D’autres questions concernent sa composition, la présence d’une atmosphère ou d’anneaux. « Ce ne sera pas aussi spectaculaire que pour Pluton, où l’on a découvert un autre monde, explique le planétologue, mais il y aura quand même l’excitation de survoler quelque chose de totalement nouveau ! »

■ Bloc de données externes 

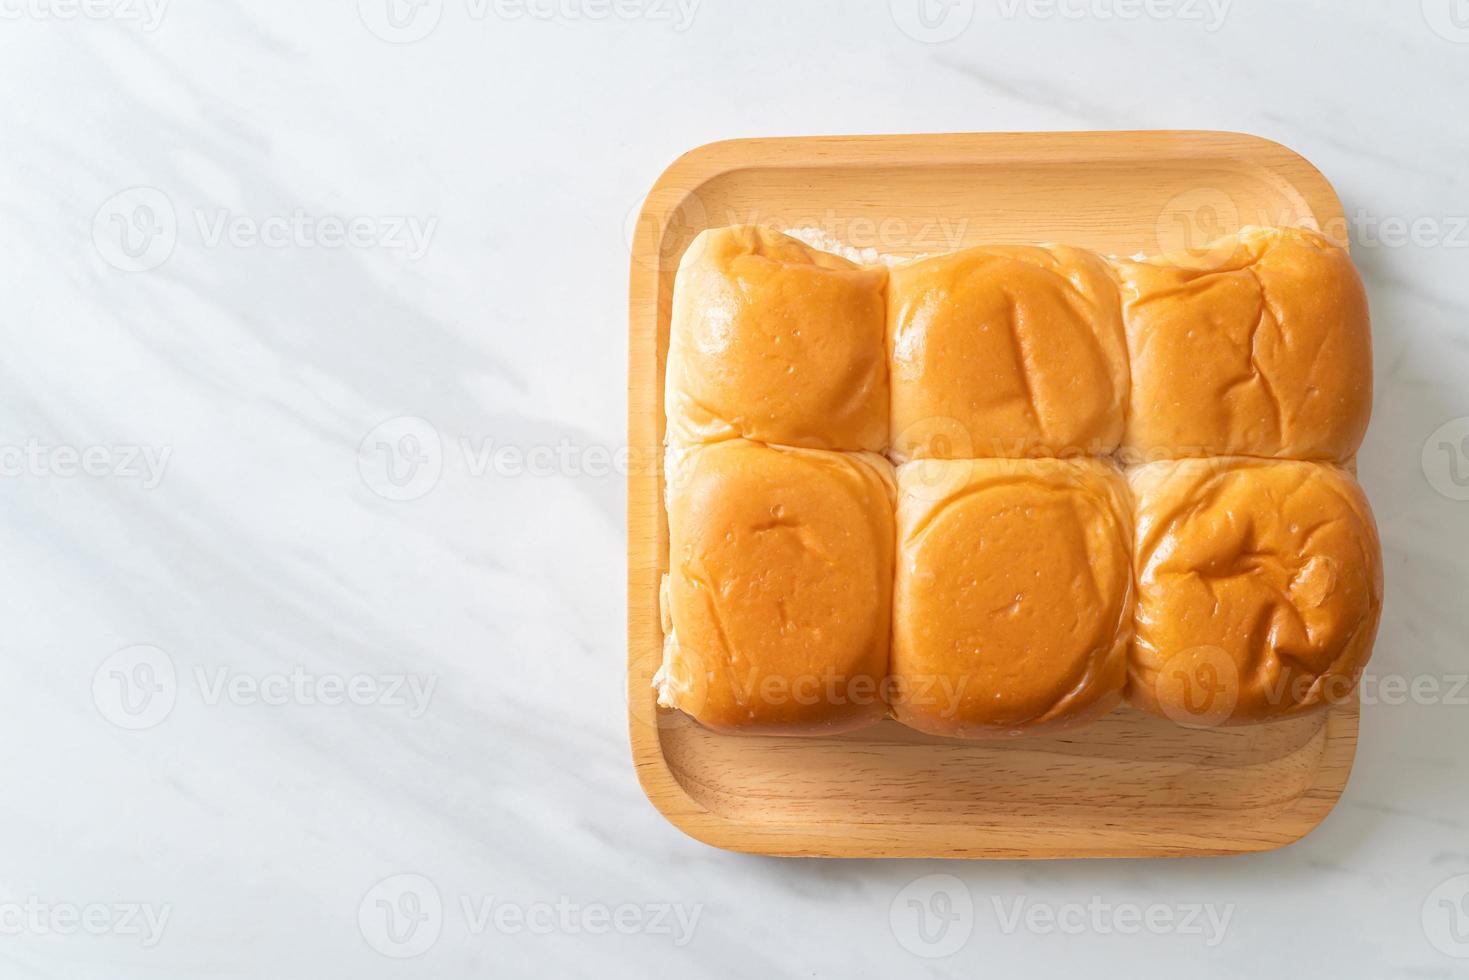 bröd med thailändsk pandan vaniljsås foto
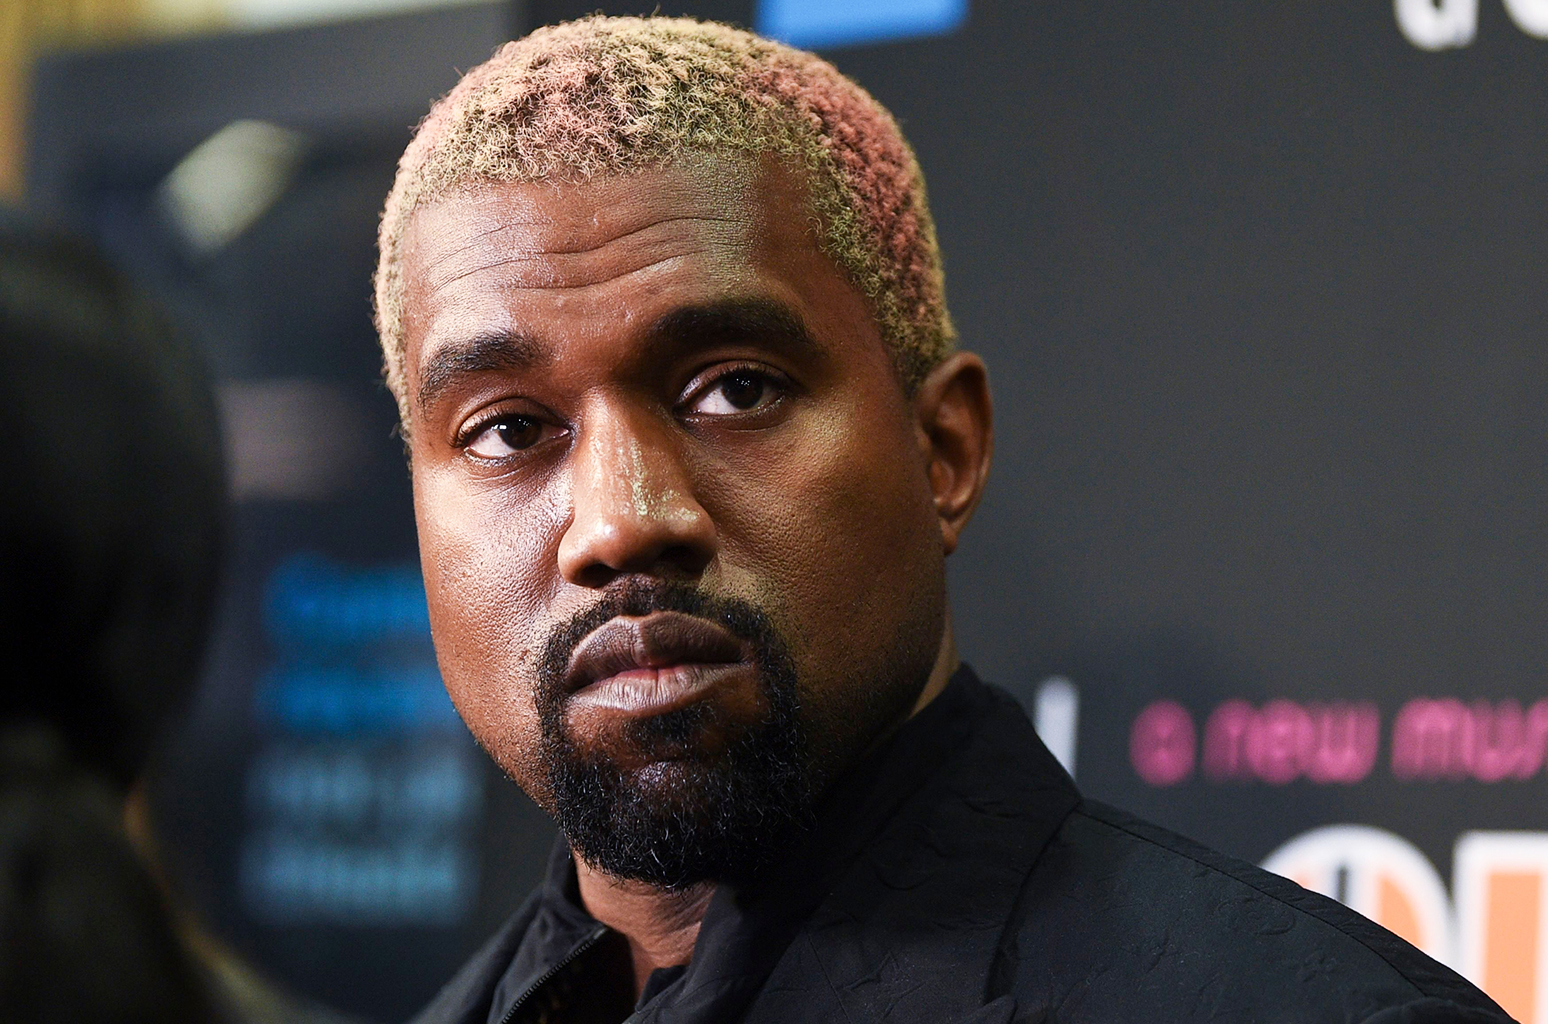 Kanye West rechazó presentarse en el Coachella, por no tener una tarima gigante para él. Cusica Plus.

Le plus incroyable de cette aventure scientifique réside dans le fait que, lorsque New Horizons a quitté la Terre le 19 janvier 2006, la NASA ignorait quelle serait sa destination après Pluton, car Ultima Thulé n’avait pas encore été découvert… « On a commencé par chercher une cible avec de gros télescopes terrestres, rappelle François Forget, un objet dans le cône atteignable par la sonde, mais on n’a rien trouvé du tout. La NASA a donc demandé du temps d’observation sur le télescope spatial Hubble, avec une très grosse pression pour détecter des TNO. A vivre, c’était assez particulier, et il y a même eu un moment où tout le monde a pensé qu’on ne trouverait pas de cible. Au bout du compte, on a eu des centaines d’heures sur Hubble, ce qui était exceptionnel. »

Ultima Thulé, dans la ceinture de Kuiper. / AP/NASA

Heureusement pour la mission, Ultima Thulé est apparu en 2014 sur une des images prises par le télescope spatial, ce qui a laissé assez de temps pour étudier son orbite et programmer les changements de trajectoire nécessaires afin que New Horizons aille lui rendre visite.

Dans une déclaration publiée par le Guardian, Alan Stern, le responsable de la mission, explique qu’il faudra « environ vingt mois pour récupérer les données » enregistrées lors du survol du 1er janvier. Et il pense déjà à la suite. La sonde a encore du carburant, ses instruments sont opérationnels, sa batterie nucléaire peut lui fournir de l’électricité pendant des années. Mais aucune nouvelle cible n’est en vue… Cette fois-ci, New Horizons pourrait bien poursuivre sa course vers nulle part.